I will admit that prior to reading this MIT Sloan article, I had heard the phrase “Big Data” many times, but never actually knew what it specifically entailed. It lead me to looking up the term on Google, which complicated things even further. For instance, a Forbes article on big data provided 12 separate definitions, which I listed below.
#1) “data of a very large size, typically to the extent that its manipulation and management present significant logistical challenges.”
#2) “an all-encompassing term for any collection of data sets so large and complex that it becomes difficult to process using on-hand data management tools or traditional data processing applications.”
#3) “datasets whose size is beyond the ability of typical database software tools to capture, store, manage, and analyze”
#4) “The ability of society to harness information in novel ways to produce useful insights or goods and services of significant value” and “…things one can do at a large scale that cannot be done at a smaller one, to extract new insights or create new forms of value.”
#5) “The broad range of new and massive data types that have appeared over the last decade or so.”
#6) The new tools helping us find relevant data and analyze its implications.
#7) The convergence of enterprise and consumer IT.
#8) The shift (for enterprises) from processing internal data to mining external data.
#9) The shift (for individuals) from consuming data to creating data.
#10) The merger of Madame Olympe Maxime and Lieutenant Commander Data.
#11) The belief that the more data you have the more insights and answers will rise automatically from the pool of ones and zeros.
#12) A new attitude by businesses, non-profits, government agencies, and individuals that combining data from multiple sources could lead to better decisions.
Now that the definition of big data has been cleared up, I’ll address the specifics of the MIT Sloan article. The body of the article was split up into three key ways that differentiate organizations that capitalize on big data from those that use traditional data analysis methods. The three factors are:
1. They pay attention to data flows as opposed to stocks.

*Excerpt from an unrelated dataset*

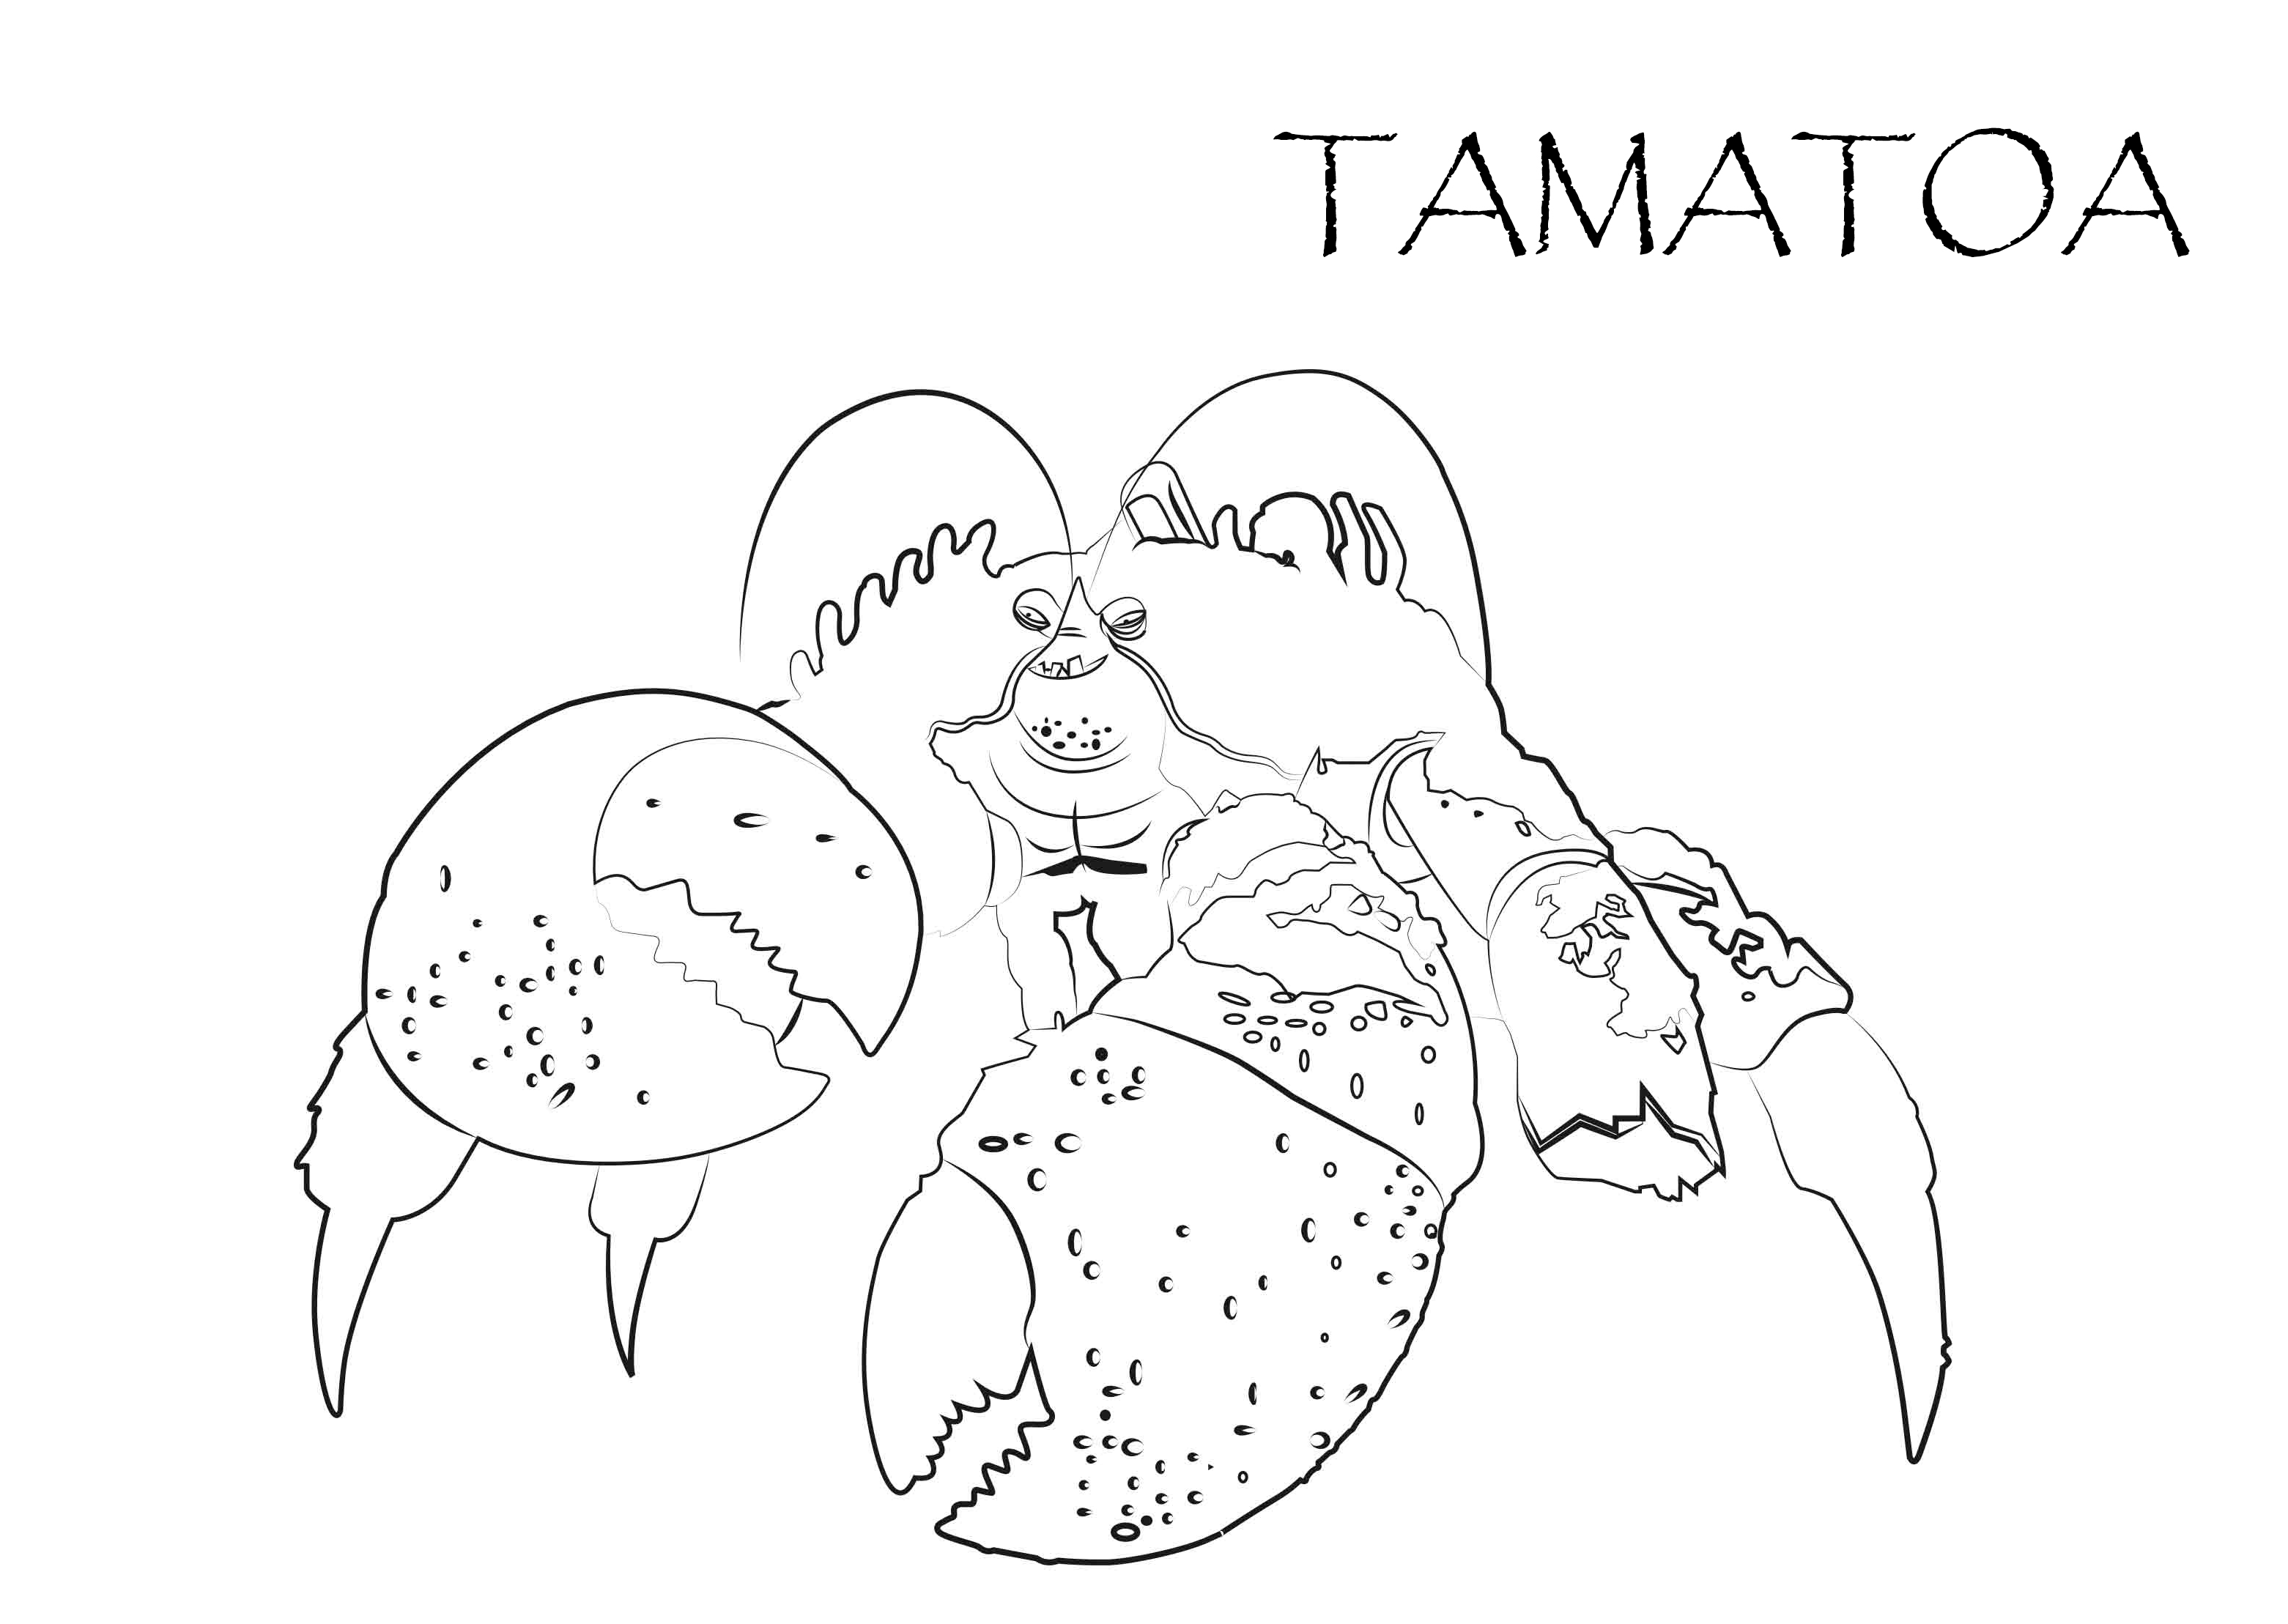 Dibujo para colorear del personaje del cangrejo Tamatoa de la película Moana Un mar de aventuras de Disney

This section discussed several types of big data applications. One type was customer-facing processes that do things like identify fraud risks in real time or score medical patients for health risk. A second type uses continuous process monitoring to detect things like changes in consumer sentiment or needs for service. A third type analyzes network relationships such as those on LinkedIn. In each of these methods, there is not a set amount of data, but rather a continuous flow that is changing and is in need of analysis. Organizations are moving away from looking at data that occurred in the past and are moving toward continuous flows of data. It used the example of a hospital in Toronto that uses algorithms to anticipate infections in premature babies before they occur. If you think about it, this method of continuously analyzing new data makes sense. Under traditional methods, by the time organizations gathered the information they needed and analyzed it to make a decision, new data is available that makes what they gathered obsolete.
2. They rely on data scientists and product process developers rather than data analysts.
Data scientists are professionals who understand analytics, but are also very knowledgeable in IT. They often have degrees in computer science, computational physics, biology, or network-oriented social sciences. Additionally, they have very strong data management skills, such as programming, math, statistics, business, and communications. This allows them to not only understand the underlying analytics, but also communicate effectively with decision-makers. And as you can guess by this vast skill-set, these professionals are very limited in supply. This has led many big data corporations to develop their own talent and train their own data scientists. Furthermore, because their skill sets go beyond traditional data analytics, many corporations are involving these professionals in product development and other features of the business.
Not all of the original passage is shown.